- **DATASET RECORDS**
----
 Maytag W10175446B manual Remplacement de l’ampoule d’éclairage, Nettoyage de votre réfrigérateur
----
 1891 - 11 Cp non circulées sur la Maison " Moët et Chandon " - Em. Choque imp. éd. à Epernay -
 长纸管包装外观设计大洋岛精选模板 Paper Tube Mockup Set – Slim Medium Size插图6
----
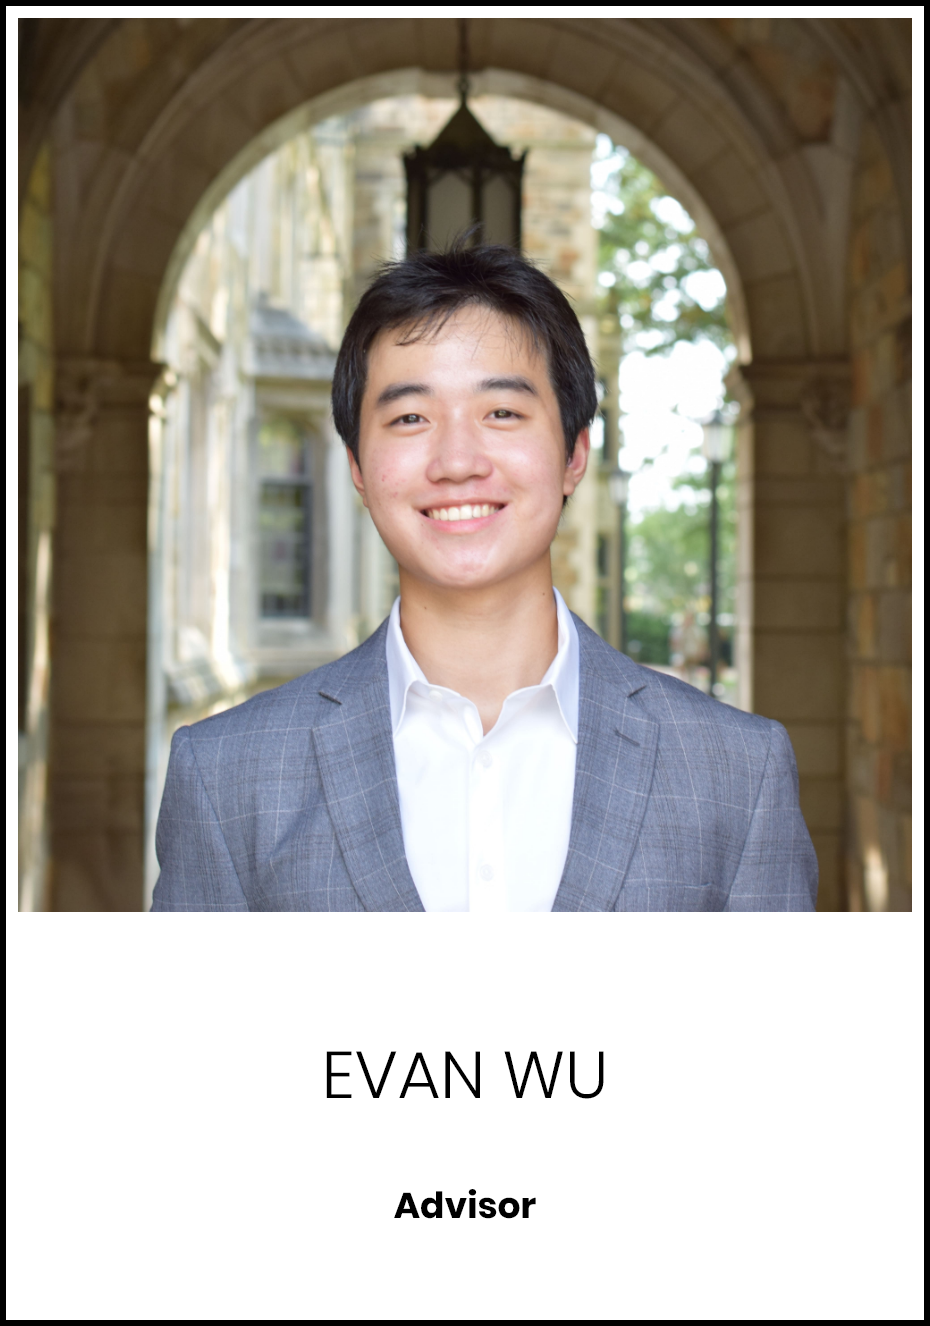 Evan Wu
----
- **ASSIGNMENT**
Only those lines of the entries above that run from the line containing "1891 - 11 Cp" to the line containing "长纸管包装外观设计大洋岛精选模板 Paper Tube", both included, should be transcribed exactly.

- **ANSWER SECTION**
 1891 - 11 Cp non circulées sur la Maison " Moët et Chandon " - Em. Choque imp. éd. à Epernay -
 长纸管包装外观设计大洋岛精选模板 Paper Tube Mockup Set – Slim Medium Size插图6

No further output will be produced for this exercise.